«Налетели ветры злы-ы-е, да с восточной стороны-ы-ы и сорвали черну шапку с моей буйной головы», – раздавалось порой с мансарды, окно которой заполночь светилось над нашей верандой, это Тамара Ивановна вместе с дочерью Нинкой, когда к ним приходили друзья-выпивохи, голосили на всю округу, не давая людям уснуть, – и, кажется, эта песня тоже была про Вожатого.
Мои размышления прервала наша классная Луиза Андреевна, она без стука ворвалась на урок и вызвала Витьку Шпилевого:
– Витя, пойдем-ка, у меня для тебя неприятное известие…
Больше Витька в тот день на уроки не вернулся, не пришел и на следующий. А потом мы узнали, что у него умер отец: пошел на охоту, в поставленный им капкан попала лиса, она успела цапнуть человека, прежде чем он ее застрелил, у лисицы оказалось бешенство. Луиза Андреевна сказала, что мы должны идти на похороны, так принято – выразить соболезнования, все-таки отец одноклассника… Я никогда (во всяком случае, на моей короткой памяти) не была на похоронах, впрочем, я и на свадьбах не бывала.
И вот во вторник, отсидев первый урок, мы пошли к Шпилевым, они жили неподалеку от школы, в центре поселка, в предлинном двухэтажном здании (с полуподвальным прибавком с одной стороны, как полагается по горным стандартам). Дом тянулся вдоль грунтовой дороги, сверху косо впадавшей в шоссе, и оканчивался в трех шагах от площади, где разворачивались рейсовые автобусы, идущие в город; в этой части здания располагались магазины: первая дверь – продуктовый, вторая – промтоварный.
Мы постояли возле первого подъезда, где жили Шпилевые, чтоб не мешать в тесной квартире, а когда гроб вынесли, пристроились в хвост процессии. Вела нас Луиза Андреевна, которая жила во втором подъезде этого же дома. Идущие впереди бросали на дорогу головки белых зимовников. Все ребята старались не наступать на цветы, кроме Генки Загумённого. Он специально подбирал шаг так, чтобы зимовники попадали под подошву ботинка, иногда виляя всем телом или отталкивая того, кто мешал ему раздавить цветок. Луиза Андреевна несла букет покупных красных гвоздик (зимовники росли в лесу) – дорогие цветы она не ломала и на дорогу не бросала.
Витька с матерью, оба в черном, брели впритык к гробу, который несли мужики. Хмурая вдова пару раз обернулась на наш класс: мне показалось, в некотором недоумении.
Таня Буравлёва тихонько сказала:
– Хорошо, что Витька не взбесился…
– Ага, а то бы покусал нас – и все: кранты, бешеный класс, – усмехаясь, говорил Загумённый, – вот был бы подарочек районному отделу образования!
Но под строгим взглядом обернувшейся Луизы Андреевны замолк.

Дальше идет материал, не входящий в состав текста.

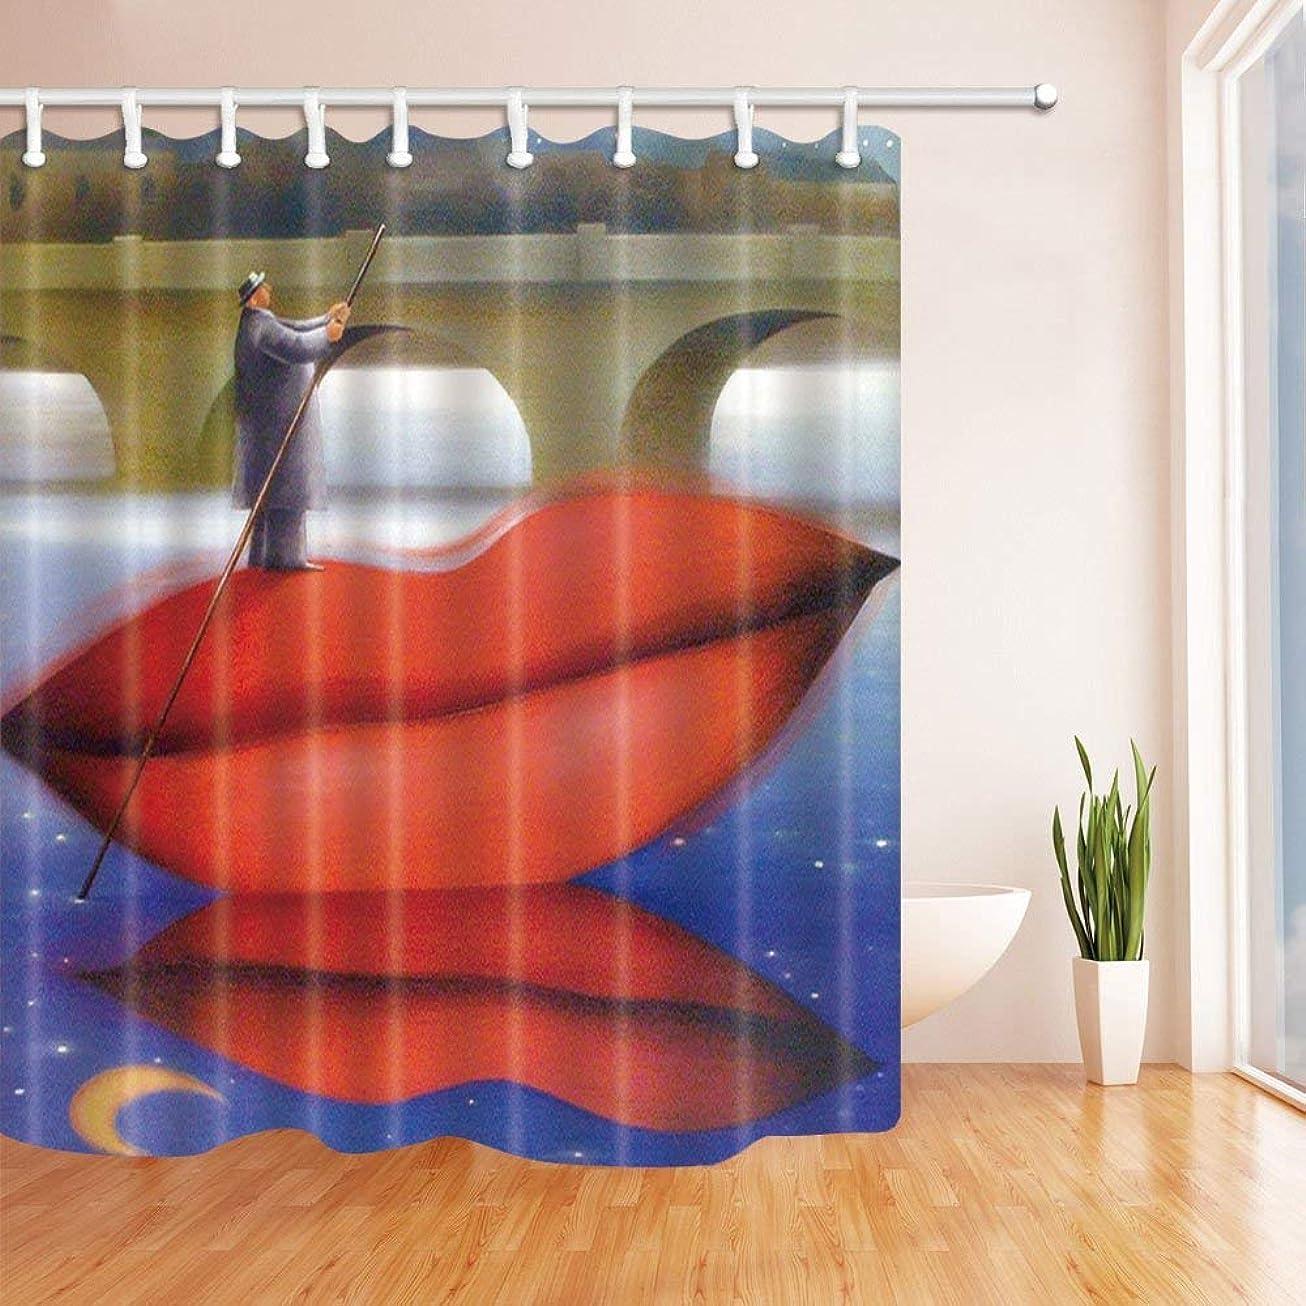 幸運嵐のスリーブGooEoo クリエイティブマンは、赤い唇シャワーカーテン、ポリエステル生地の防水バスカーテン、71X71インチ、シャワーカーテンフック、赤のように船に立って

Взрослые, которые перемешались с ребятишками, говорили, что надо было сжечь Шпилевого-то, а не хоронить: хоть он в гробу, вдруг родня застреленной лисы пожалует да раскопает могилу…
Мы прошли Злую Собаку, жители которой пытались переименовать село в Фиалку, но пока неудачно. Шоссе стало изгибаться, точно серая змея с продольной белой полосой посредине. В одном месте гора, похожая на грудь Бабы Гали, нависла над дорогой, с нее сыпались и сыпались мелкие дымчатые камушки, будто гора решила похоронить людскую дорогу.

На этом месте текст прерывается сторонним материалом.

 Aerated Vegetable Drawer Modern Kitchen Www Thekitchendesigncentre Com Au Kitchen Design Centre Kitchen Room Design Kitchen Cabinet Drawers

Кладбище занимало соседний хребет, за селом Измай- ловка. Процессия растянулась на полкилометра, и пока мы дошли до приготовленной загодя ямы, гроб уже опустили и сказали положенные речи. Луиза Андреевна велела нам расходиться по домам. Но мы не пошли по домам, а принялись бродить среди могил бывших жителей. Таня сказала, что здесь теперь их домовины. Некоторые могилы были огорожены заборчиками – в точности как обычные дома, имелись даже столы с лавками: оказывается, живые в определенные дни приходили к мертвым, приносили угощенье. У многих ребят на кладбище лежала родня: покойник в земле, точно пуповина, привязывал живых к этой гористой местности.